Con mi madre, los dos solos, no sé por qué, en un cine de verano con pantalla al aire libre, vi Dos hombres y un destino, con Paul Newman, Robert Redford y Katharine Ross. Esa noche me la pelé acordándome de Katharine saliendo de un tonel que hacía de bañera. Vi mucho más de lo que enseñaba en la película. Y recuerdo otra película tristísima, de Aldrin, el tercer astronauta del Apolo XI, después del alunizaje, su vida posterior. Descubrí que había otras vidas después, que eran poco heroicas, pero reales. Mucho tiempo después de las hazañas. Y El efecto de los rayos gamma sobre las margaritas, otra película personal dirigida por Paul Newman, pero sin Paul Newman, inquietante, ajena a las películas normales, olvidables. Y Tristana, de Buñuel. Y La Celestina, con trece años, en el cine Roma, que me generó tanta excitación al ver las tetas de las criadas de la Celestina, que esa misma noche me masturbé por primera vez pensado en ellas. Todo lo que quieras, de cintura para arriba, les dijo Celestina. Tetas fuera, menuda orgía.

 

 


 

052

VALE, SÍ ES verdad: llevo años estudiando diferentes sistemas de suicidio, para encontrar el menos doloroso, el más rápido, y el más accesible. No es fácil. En el mundo los suicidas lo hacen de muy diferentes maneras, y en general tiene que ver con la disponibilidad de materiales que tengan a mano. Los norteamericanos, sobre todo de la zona central republicana, con buen acceso a las armas de fuego, lo hacen con sus rifles y pistolas. También los policías y los militares, si tienen un arma reglamentaria a mano. Después de muertos ya no les van a reclamar el mal uso de su arma. Algunos sospecho que se resisten porque queda en evidencia de que ha sido un suicidio, y las compañías de seguro ponen pegas para pagar las posibles pólizas de vida contratadas. Las familias de los suicidas no tienen derecho a cobrar, pero si la muerte sucede por el error médico, accidente, asesinato, o una agonía lenta y dolorosa, entonces sí. Los suicidas con convicciones religiosas también tienen problemas de conciencia, porque los curas no dejan que se entierren sus cuerpos en los camposantos. Tienen que irse a los cementerios civiles, afuera de las tapias del cementerio donde están sus amigos, sus abuelos y sus padres. Y además, depende de dónde lo hagas, un tiro puede ser una buena mancha para la familia, y no digamos para la tapicería del sofá del salón.

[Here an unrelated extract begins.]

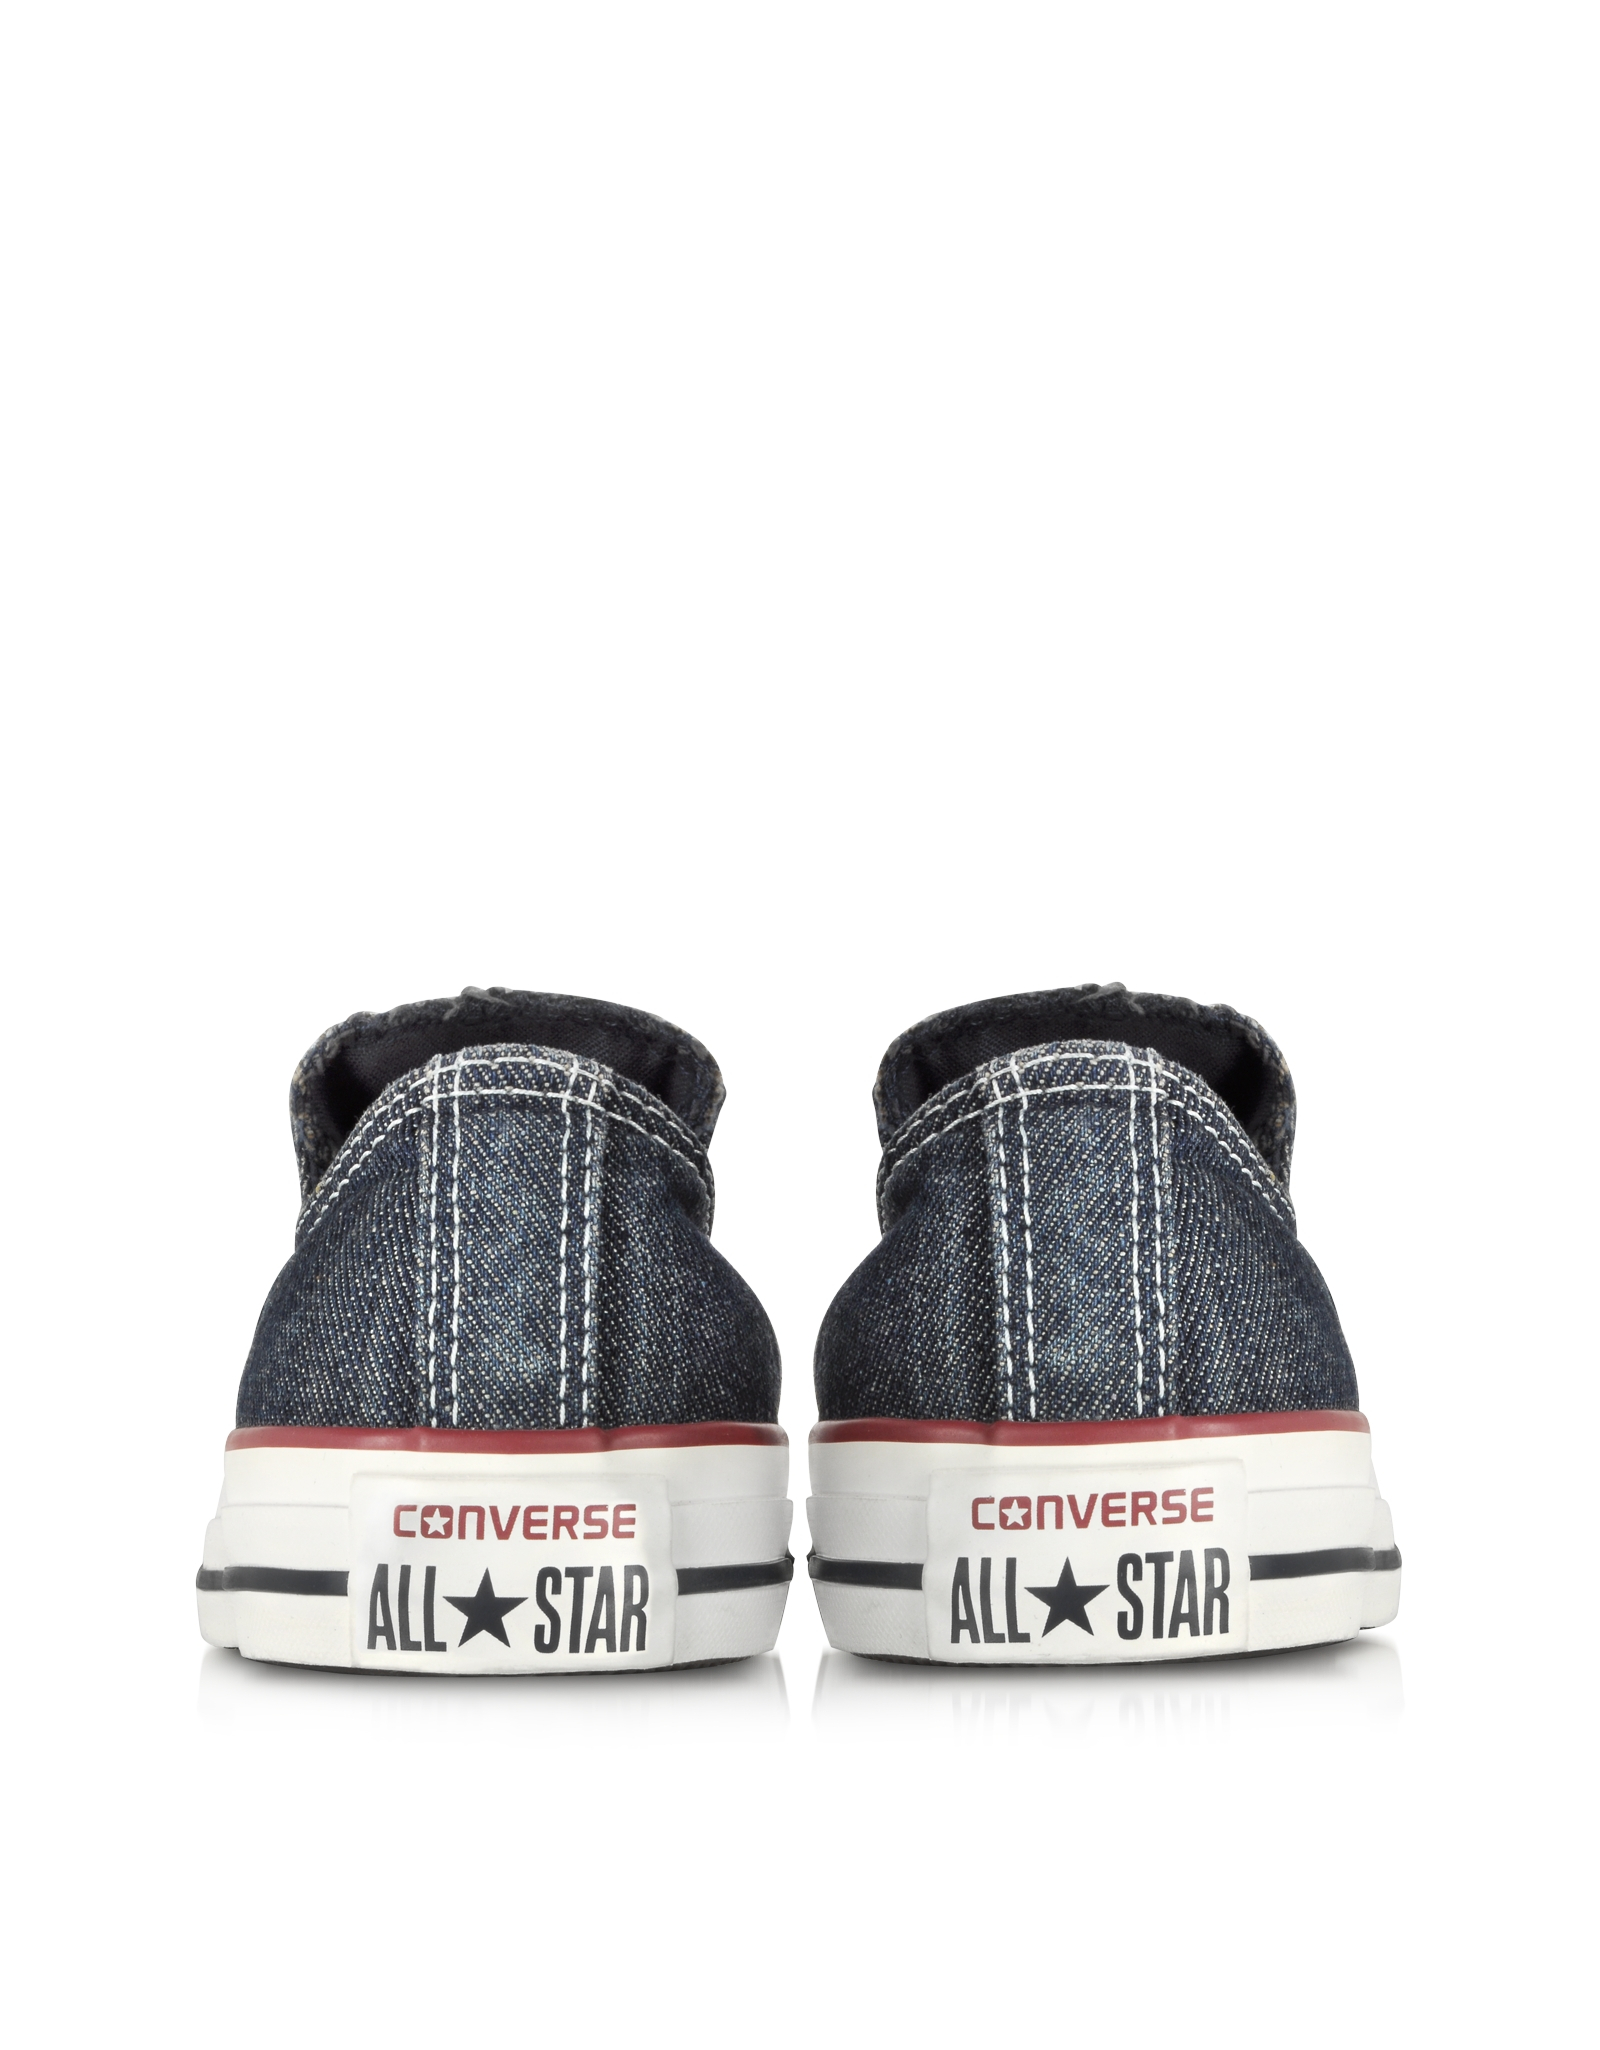 9a03a36b5cd2 Lyst - Converse Chuck Taylor All Star Ox Denim Slip On Sneaker in ...

Se suicidó. ¿En serio? Pero, ¿qué vida infernal le estaba dando su pareja para que se quitara la vida? ¿Es que nadie en esa familia se dio cuenta de lo que pasaba? ¿Están todos ciegos?

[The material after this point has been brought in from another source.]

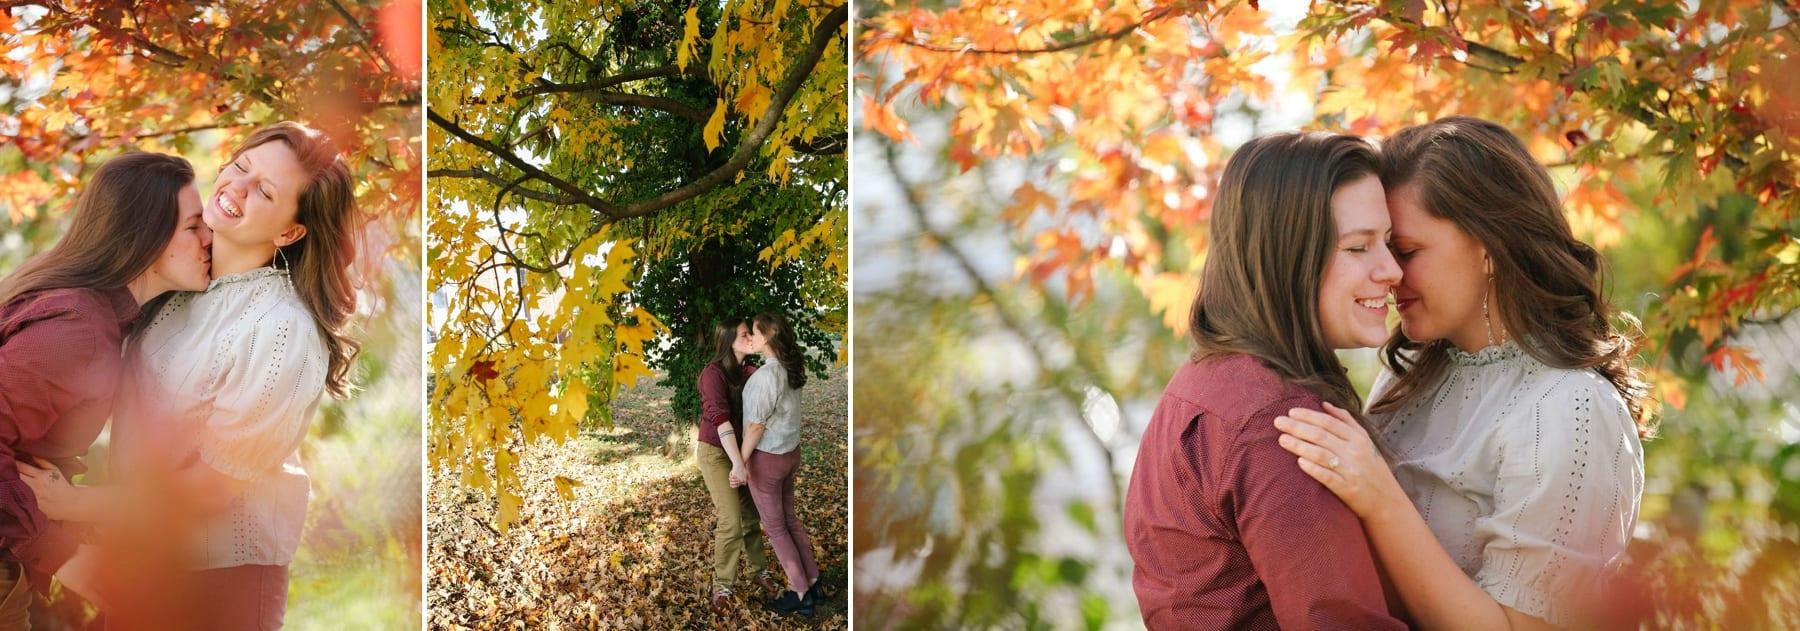 Two women in love in Knoxville, TN

Se suicidó. ¿De verdad? ¿No estaría limpiando la pistola, y se le disparó sin querer? ¿Se equivocó de frasco, y se tomó las cincuenta pastillas sin darse cuenta? ¿Fue un acto de locura, una enfermedad insoportable, por desamor, se arruinó? ¿Era homosexual? ¿Qué delitos tenía pendientes para ser juzgado? ¿Tenía denuncias? ¿Sufrió abusos en la infancia? ¿Defraudó a Hacienda? ¿Perdió la fe? ¿No creía en Dios? ¿Nadie le dijo que los suicidas van al infierno de cabeza?

Se suicidó. Casi no me lo puedo creer. ¿Será hereditario? ¿Sus hijos e hijas tienen esas tendencias? ¿Sus padres también eran suicidas? ¿Mató a alguien antes de matarse? ¿Fue por celos? ¿De verdad era tan infeliz?

Se suicidó. Nunca se lo perdonaré. No le tengo lástima: los suicidas son cobardes, incapaces de luchar por su vida. Cuando Dios cierra una puerta, siempre abre una ventana. La vida es patrimonio de Dios, y de nadie más. Suicidarse es la salida fácil. Es un acto de egoísmo: en lugar de luchar y solucionar los problemas, se quitan la vida, y destrozan la de los demás.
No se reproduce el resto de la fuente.